A leaked file with the subject line “operational order” signed on Oct. 3, 2011 was issued by Col. Saqr Mannoun, upon a request from the presidential palace, and was sent to Col. Jawdat Hasan, of the air force intelligence division. Col. Hasan was ordered to travel immediately to the province of Hasaka, execute Tammo and then return back immediately.

Tammo was a member of the opposition Syrian National Council (SNC) and had been released recently after spending three and a half years in prison.


A Syrian intelligence “operational order” to dispatch an agent to the province of Hasaka and kill Kurdish activists Mashaal Tammo. (Al Arabiya)

Tammo’s killing sparked indignation at home and abroad. More than 50,000 people rallied in his funeral, on which government forces opened fire, killing five people

The United States condemned Tammo’s killing as a “clear escalation of regime tactics.” France said it was “shocked” by the news of Tammo’s assassination.

Eman Eddin al-Rasheed, head of the Political Bureau in the Syrian National Rally, told Al Arabiya that there were previously two failed attempts to assassinate the Tammo and that his fellow Future Movement Party members were pressing him to leave Syria. Al-Rasheed said that he personally spoke to Tammo on Thursday, Oct. 6, 2011 and asked him to leave the country. Tammo responded that he would just attend protests on the following day, Friday, and leave, according Rasheed.

“I called him on Friday morning, before prayers, and stressed that he had to leave on time. He said I am ready to leave on time as agreed. At 2 p.m. I was informed that he was martyred,” Rasheed said.

A document stamped “top secret” and undated, for apparently security reasons, was sent to President Bashar al-Assad from Col. Saqr Mannoun. The document confirms the assassination of Tammo based a presidential order dated Sept. 22, 2011.


A file that was sent to President Assad confirms the killing of Mashaal Tammo and points to a desire to “neutralize” Turkey. (Al Arabiya)

Information was received about the whereabouts of Kurdish activist Mashaal Temmo, who is considered a source of concern for the Turkish government. That day, information received indicated the presence of Temmo, his son Marcel, and Kurdish activist Zahida Rashkilio at an anti-Assad meeting. Following a direct order from Brigadier Jamil Hassan, head of the Air Force Intelligence Service, the house where the meeting was taking place in al-Qamishli was stormed and all that were present were eliminated,” the document stated.
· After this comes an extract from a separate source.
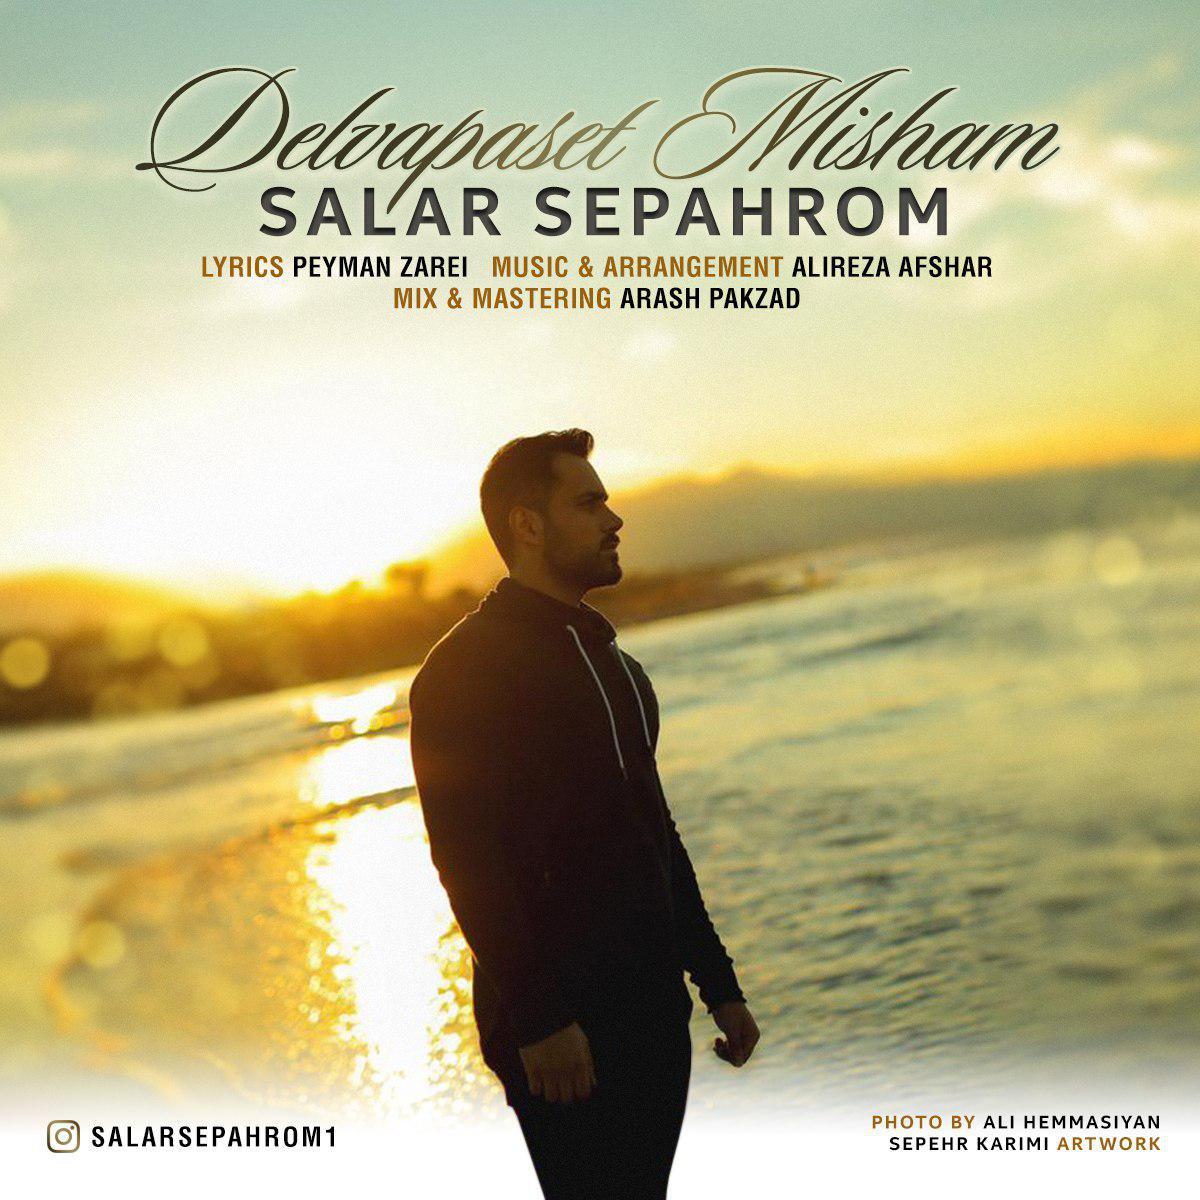 Salar Sepahrom – Delvapaset Misham

The file reveals clues of why Tammo was targeted. The document pointed to “an operation that will put the Turkish leadership in a neutral and cooperative position with regards to the crisis in Syria.”

Turkey has fighting Kurdish separatists for decades and the killing of a Kurdish leader, from Damascus’s view as shown in the file, would be welcome by Ankara.

*Syrian Assistance can not independently verify the accuracy of the statements made of authenticity of the documents!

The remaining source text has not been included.